- The Washington Times - Wednesday, March 23, 2005

Honda’s 2005 Odyssey isn’t just a people-hauling minivan. Redesigned and re-engineered for its third generation, the Odyssey sets several minivan “firsts,” including having an engine that automatically shuts off three of its six cylinders to conserve fuel.

The new Odyssey also has fun, innovative features such as a storage area, complete with lazy Susan, built into the floor in the middle of the van.

Pricing for the Odyssey has increased. Starting price for the 2004 Odyssey was $24,980, and now, there’s also an upscale Odyssey model — the 2005 Touring — that has a starting MSRP, including destination charge, of $35,010, which is in the luxury-car range.

Honda officials hope the new Odyssey, which is 2 inches longer than its predecessor and about an inch wider, attracts young, technology-savvy Generation X and Y families.

“In essence, we’ve reset our targets for a new generation of minivan buyers,” said Tom Elliott, executive vice president for automobile operations at American Honda Motor Co. Inc.

No doubt buyers will appreciate that the 2005 Odyssey tops all other minivans in fuel economy.
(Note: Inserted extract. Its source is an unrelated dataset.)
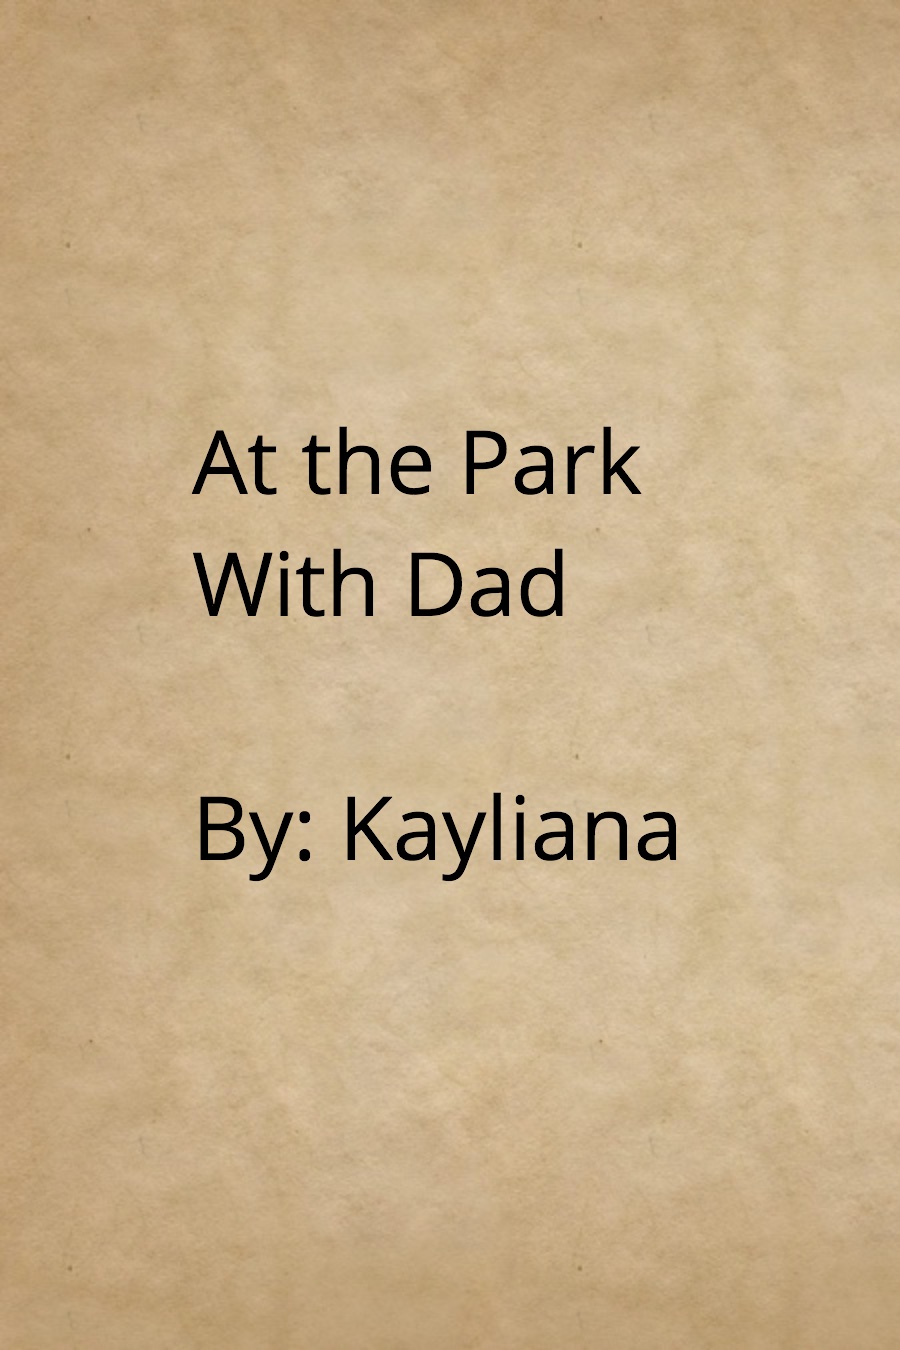 At the Park With Dad by Kayliana P

The rating of 20 miles a gallon in city driving and 28 mpg on the highway, as reported by the U.S. Environmental Protection Agency, comes with the Odyssey’s top engine — a 255-horsepower V-6 with Variable Cylinder Management (VCM) that shuts down cylinders when they’re not needed, such as when the Odyssey is cruising city streets or the highway.

The V-6 with VCM is one of two V-6s offered for the Odyssey this year. Both are 3.5 liters in displacement and put out 255 horses and 250 foot-pounds of torque for good acceleration and commendable passing power. Both also are mated to a five-speed automatic.

Honda’s V-6 with VCM is unlike any powerplant in a production minivan because the engine goes from six to three cylinders and back automatically, based on the power needs — or lack thereof — of the vehicle.

Drivers and passengers can’t really tell when there are three or six cylinders working.

The VCM engine is in upper-level Odysseys — the EX-L and above.

These models also are fitted with Active Noise Control that uses the van’s audio system to effectively cancel noise produced by the imbalanced, three-cylinder engine operation. It manages some road noise, too, and it’s another minivan “first.”

Other technology items in the 2005 Odyssey are a DVD entertainment screen that’s 9 inches — bigger than in many other minivans. The navigation system includes voice recognition, which is a minivan first.

The lazy Susan storage space is in the floor of the second row of the Odyssey and can be used as a hidden beverage cooler or food warmer area, thanks to thermal packs sold as accessories.

The test van was the luxury-appointed, pricey Touring model. Every seat is generously swathed in soft leather that has folds and gathers like seats in a luxury sedan.

I liked the more modern placement of the automatic gear shifter. It’s no longer on the steering column. It’s in the dashboard, to the right of the steering wheel.

Second-row passengers delighted in having separate and comfortable captain’s chairs, instead of a traditional bench seat. For 2005, Honda made the Odyssey seatbacks higher and widened the seat cushions for added comfort.

Meantime, third-row passengers have an easier time getting to their seats because the second-row seats in the new Odyssey slide forward in a fashion similar to what’s found in coupes.

In addition, there are 3 more inches of legroom in the rearmost seats of the 2005 Odyssey.

The new Odyssey is the first from Honda that can carry eight people. The eighth person uses a narrow, pull-up middle seat between the two second-row captain’s chairs.

I tried out the middle seat on a midlevel Odyssey EX and was surprised at the good cushioning provided. This eighth seat has a head restraint and three-point safety belt, too.

Too bad the Odyssey’s power, sliding side doors still poke along when opening and closing and beep annoyingly when you try to open them before undoing the locks.

Steering is improved, giving a more direct and precise feel, and the ride is better, too.

There’s less sense that this tall — more than 6.4-foot — van sways in turns and curves, and the larger tires and retuned suspension handle road bumps well. Much of the time, I didn’t feel anything but a smooth, quiet ride.